Moving for 6.8 consideration

#7 @audrasjb
12 months ago

  • Keywords dev-feedback removed

I added a PR with your patch as it didn't apply anymore against trunk @zodiac1978 :)

#8 @zodiac1978
12 months ago

Thanks @audrasjb !

I was just on my way to look if a refresh is necessary. You beat me to it. Thanks again!

This ticket was mentioned in Slack in #core by zodiac1978. View the logs.


12 months ago

@zodiac1978
12 months ago

As the link to the slide is broken, here it is as image

#10 @jorbin
12 months ago

I'm not sure physical is the best way to refer to a digital file existing otherwise this looks good to me. How about changing it to be static for the files that live on the file system and and dynamic for the WordPress generated ones?

#11 @audrasjb
12 months ago

👆 The above wording proposal makes a lot of sense to me.

#12 @jorbin
12 months ago

  • Owner changed from audrasjb to jorbin
  • Status changed from accepted to assigned

I've updated the PR and intend to commit it tomorrow if there is no objection. As a part of this, I also added a check to make sure that rewrite rules allow before saying that WP can serve the dynamic file.

This ticket was mentioned in Slack in #core by audrasjb. View the logs.


12 months ago

#14 @jorbin
12 months ago

  • Resolution set to fixed
  • Status changed from assigned to closed

In 59890:

Site Health: Add a robots.txt check to the server data.

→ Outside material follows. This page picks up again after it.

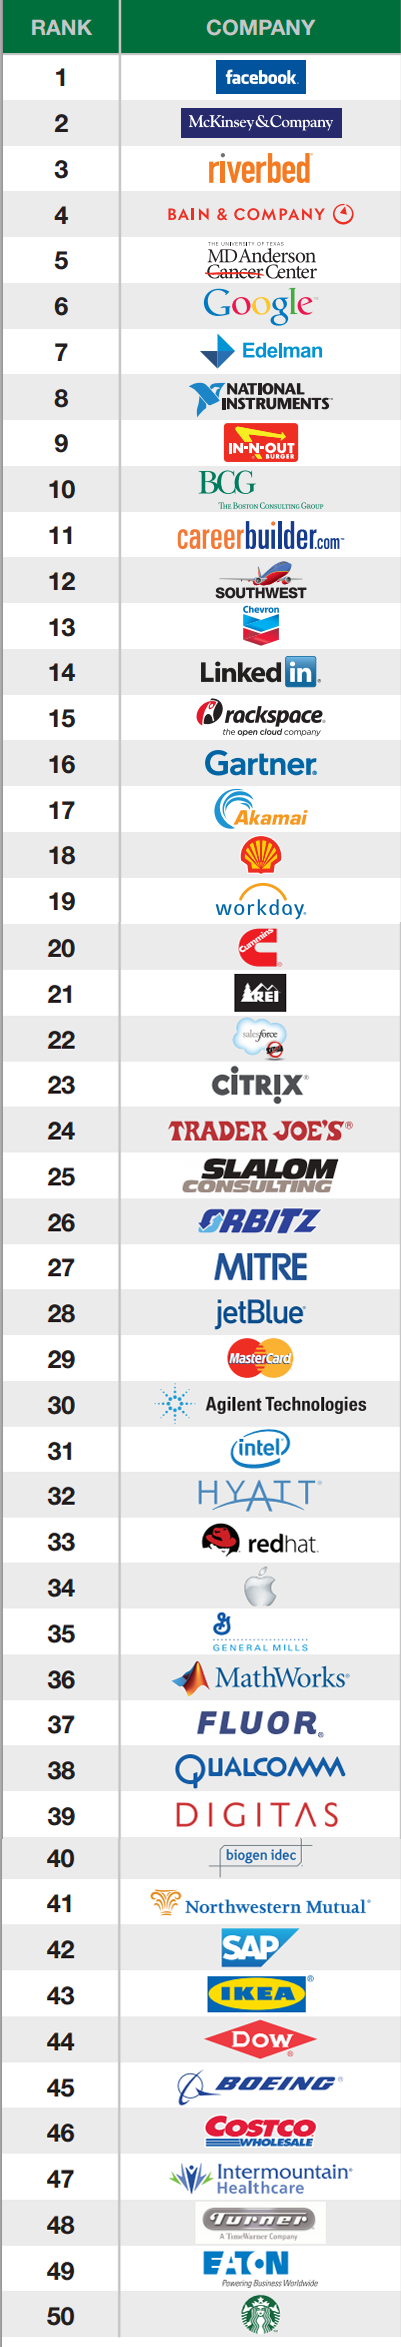 50 melhores empresas para trabalhar 2013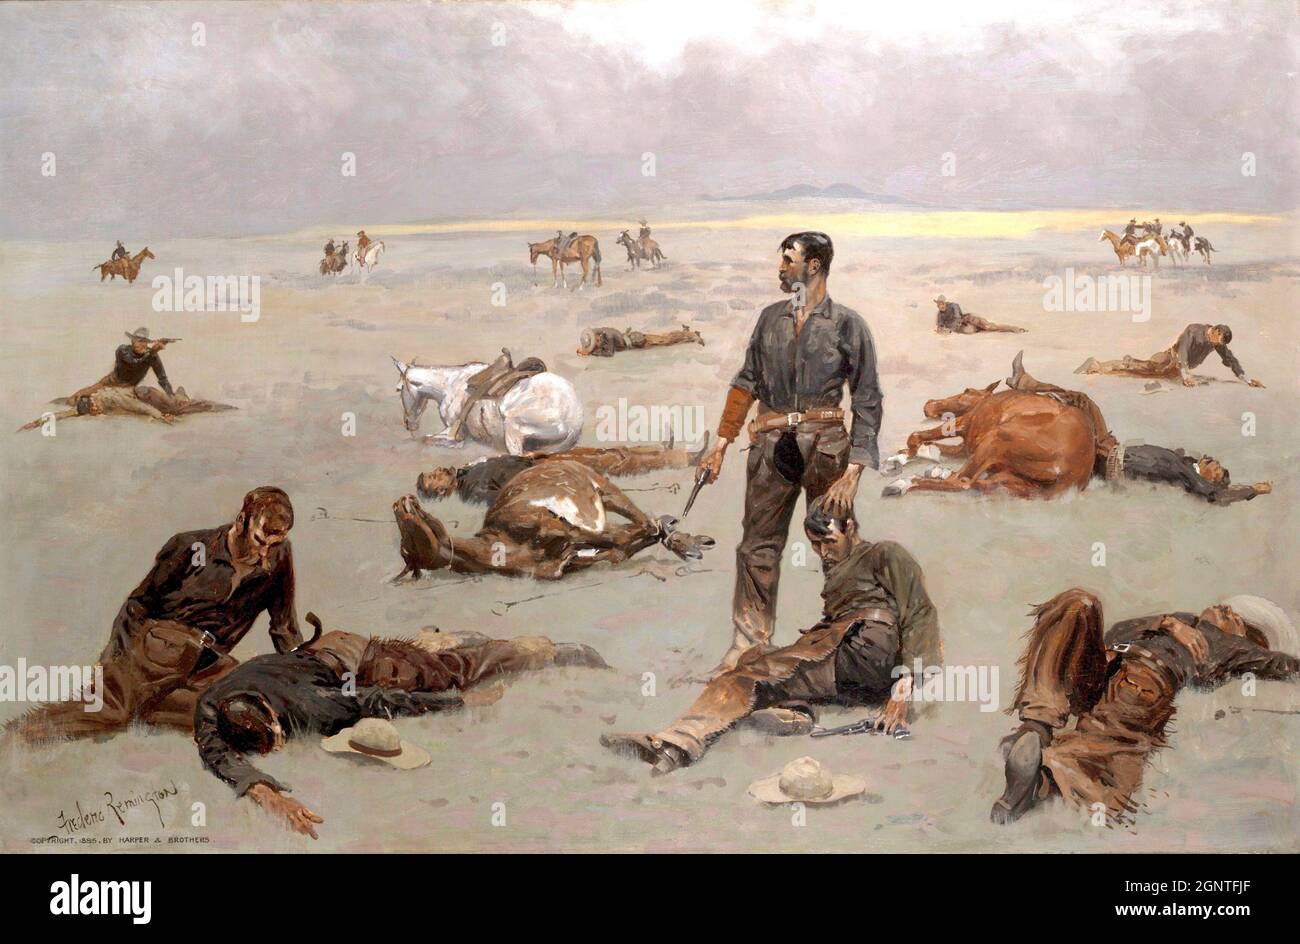 Frederick Remington artwork - che cosa ha costato una mucca senza marchio - Gunfight lascia molti morti e feriti in disputa sulla proprietà del bestiame. Foto Stock

Provide a bit of information about robots.txt to help people understand if the file is generated by WordPress.

Props zodiac1978, audrasjb, joostdevalk, jorbin.
Fixes #56595.

#15 @SergeyBiryukov
12 months ago

In 59894:

Site Health: Fix typo in the robots.txt check messages.

Follow-up to [59890].

See #56595.

Note: See TracTickets for help on using tickets.